Controls Testing – Our control experts are well trained in testing techniques and documentation standards. We provide testing results that meet the requirements of the public accounting firms without the high cost. We believe that control testing is repetitive and can be performed more efficiently with resources that have the appropriate skills and training. We will develop testing plans, test scripts and templates to ensure that your external auditor can place maximum reliance on the work performed by our team. We will also coordinate testing activities and prepare work papers documenting testing results.
IT Controls Documentation & Testing – Assessing IT controls requires highly specialized skills. Although many public companies have an Internal Audit capability, many lack the skills in-house to effectively document and test IT controls. Sunera possesses the entire breadth of technical skills required to work with ERPs, databases, networks and websites as well as IT processes. Our professionals are experts in COBIT and most have completed many IT general controls work paper sets for “Big 4” audit firms.
Controls Remediation – Fixing control design and operating effectiveness gaps often requires changing existing processes and technologies. To do so successfully, a change agent must understand how to gain acceptance by the organization for the change, as well as, know the many process and technology alternatives to consider. Unlike a typical auditor, our professionals are capable of helping your organization implement new practices and modernizing your technologies.

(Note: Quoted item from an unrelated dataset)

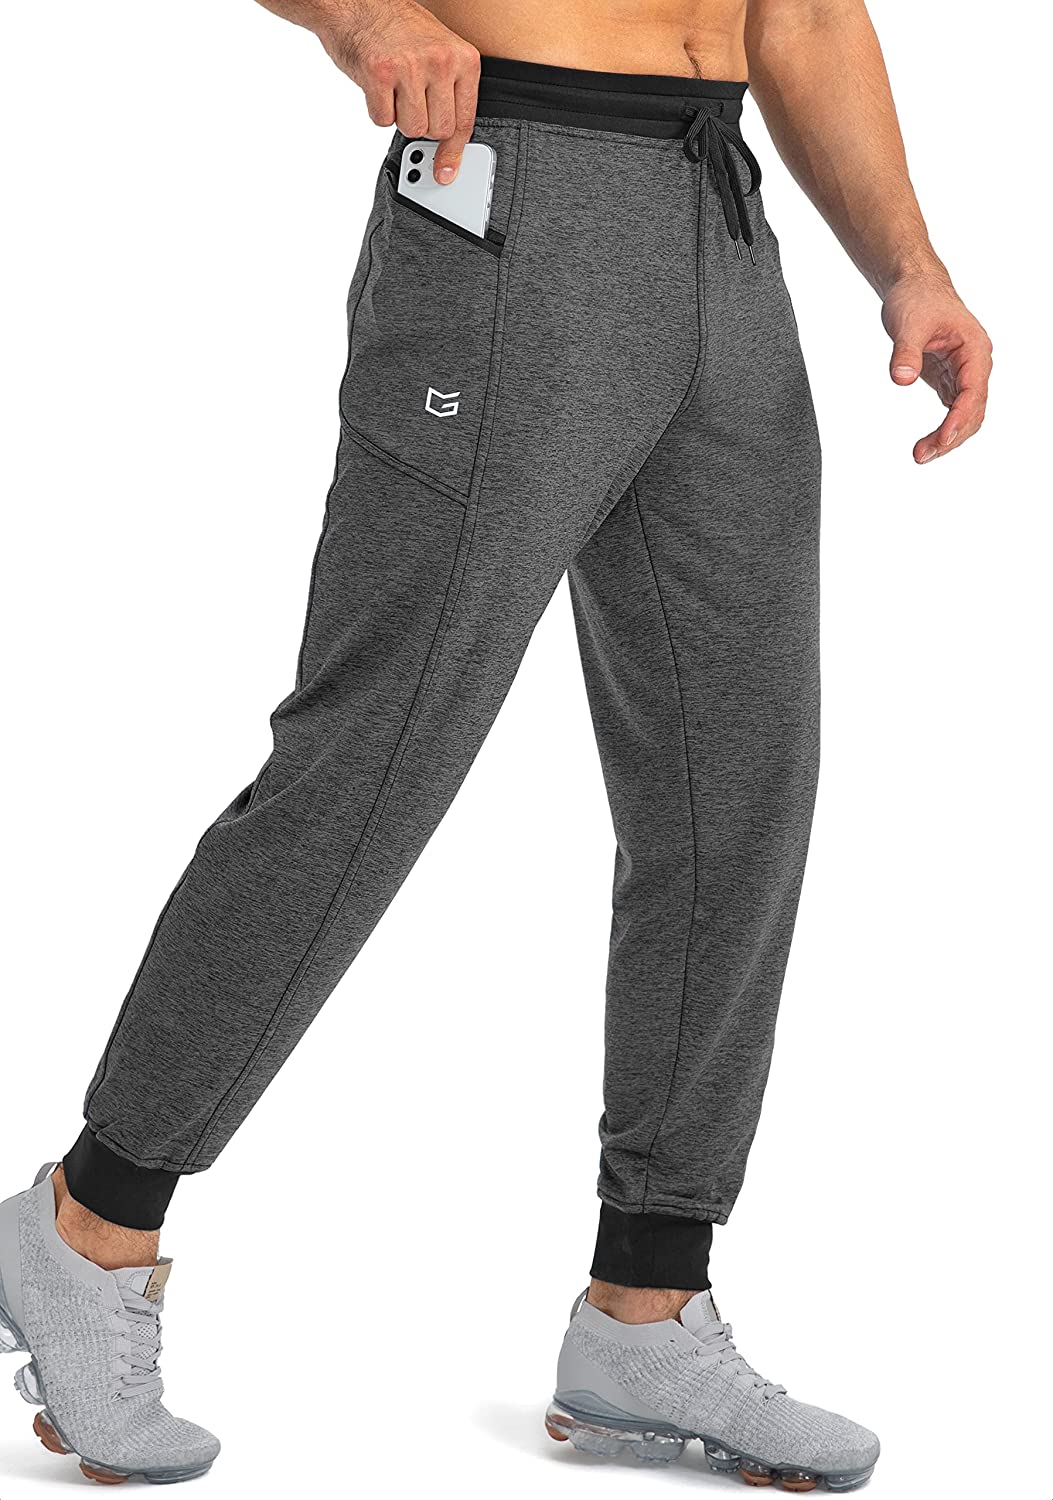 G Gradual Men's Jogger Pants with Zipper Pockets Slim Joggers for

Throughout the MAR effort, we identify, track, and report any internal control deficiencies. We will coordinate any necessary remediation activities related to the correction of specific control deficiencies. Sunera possesses specialists from across a broad spectrum of disciplines skilled in fostering organizational change, preparing policies and procedures, and designing new processes and controls. We provide as much guidance on remediation as possible during the documentation and testing effort.
Improving MAR Compliance – Many companies rely on manual, detective controls that are costly to operate and test and are prone to error. We help you replace those controls with automated controls that are more reliable and cost-effective. We have the expertise to help you get the most from your existing ERP systems by utilizing functionality already embedded within them. In addition, we deploy emerging controls automation software or controls monitoring/self-assessment programs to make controls testing and monitoring more efficient. We also help organizations consolidate disparate compliance efforts into a single, integration compliance program.